Even if you know the truth about HSUS, this HSUS-backed game might be planting false seeds in your children’s minds. (Targeting kids, by the way, is straight out of the PETA playbook.)

While this game may instill habits by getting youngsters to buy HSUS stuff early on—presumably, HSUS hopes they’ll keep this up into adulthood—it also has a more nefarious effect: To perpetuate the misperception that HSUS is a pet-shelter group and not the fringe anti-meat group that it is.

According to nationally representative polling, 71 percent of Americans wrongly believe that HSUS is a pet-shelter “umbrella group” while 68 percent mistakenly think that HSUS gives most of its money to pet shelters. (We’ve even heard from HSUS donors who were shocked to find out how little of their donation went to pet shelters.)

Of course, this polling only measures what adults believe. The next generation of adults is playing “Fluff Friends Rescue.”

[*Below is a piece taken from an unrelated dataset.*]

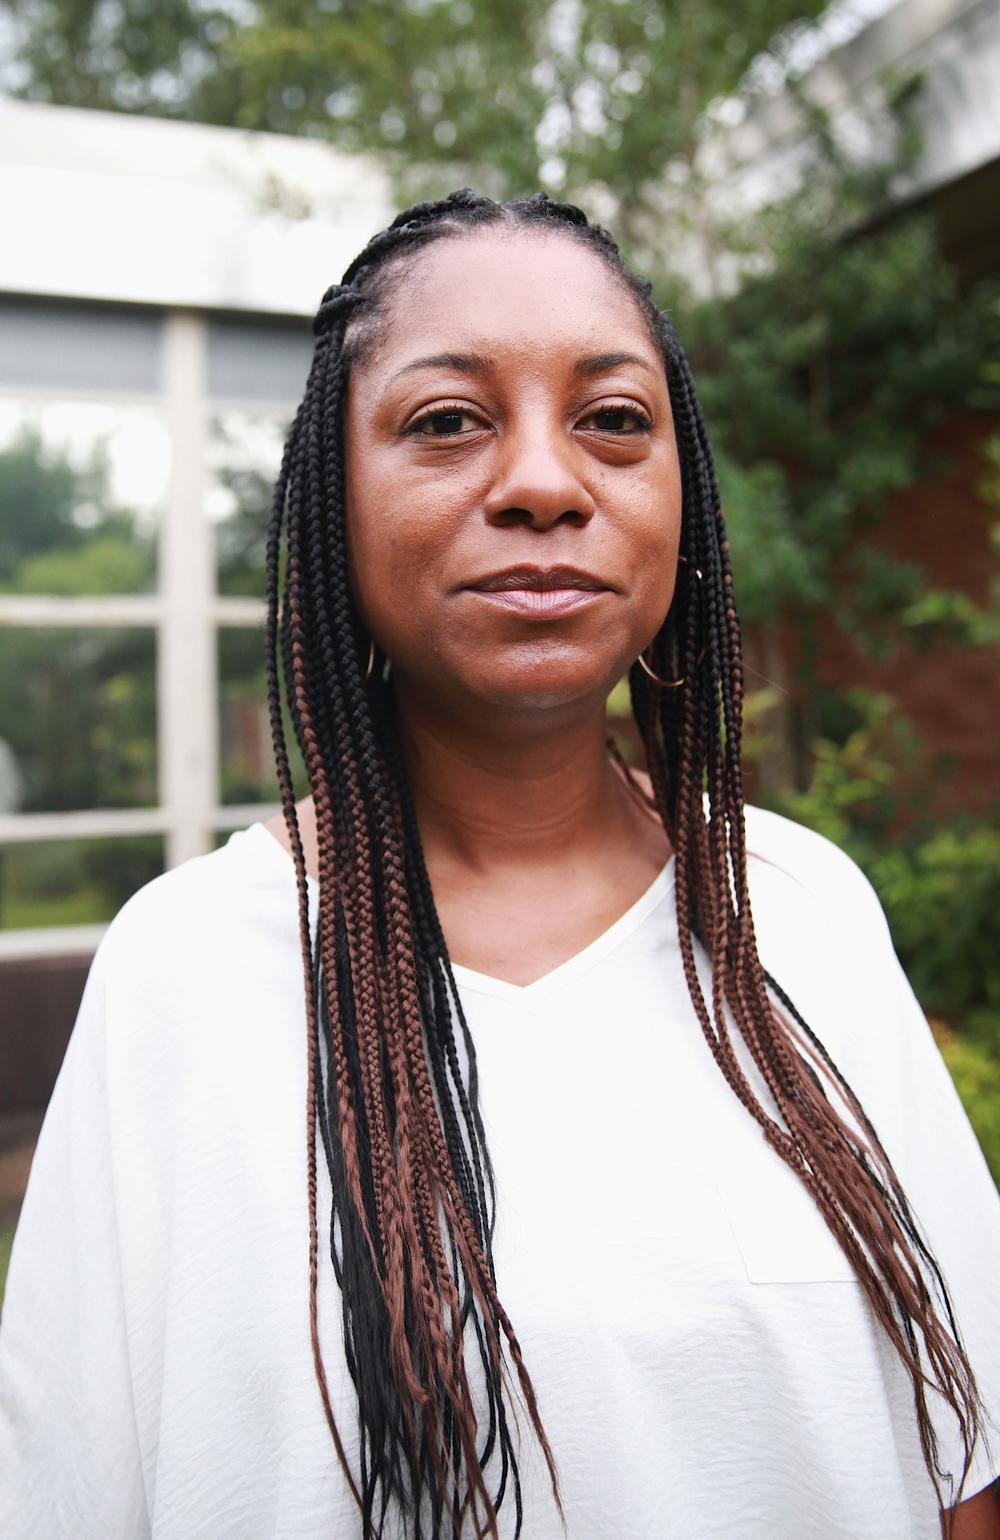 Elementary school counselor Tiffany Johnson set up a grief group for students last year. The district also has a relatively new social-emotional learning program, with teachers starting every day checking in with kids and working with them to name and manage their fears and frustrations.

The game’s creator thinks it “has the potential to hit the top 10 or top 20 games and stay there for a long time.” That’s quite the potential cash stream for HSUS, which is no doubt licking its chops.

Meanwhile, HSUS says that the game is a way to “inform [players] about the hard work of animal rescue groups”—yet the money raised all goes to HSUS, not to true rescue groups. Yes, HSUS does run an animal rescue team, but it’s a small portion of HSUS’s budget. If HSUS wants to become a true rescue group—instead of just raising money like it is one—then by all means, it should. But we suspect HSUS will just keep raising money and banking on public misperception.

It’s hard to believe a “charity” like HSUS can be so unscrupulous. It’s not just a new low for HSUS—it’s a new high in deception.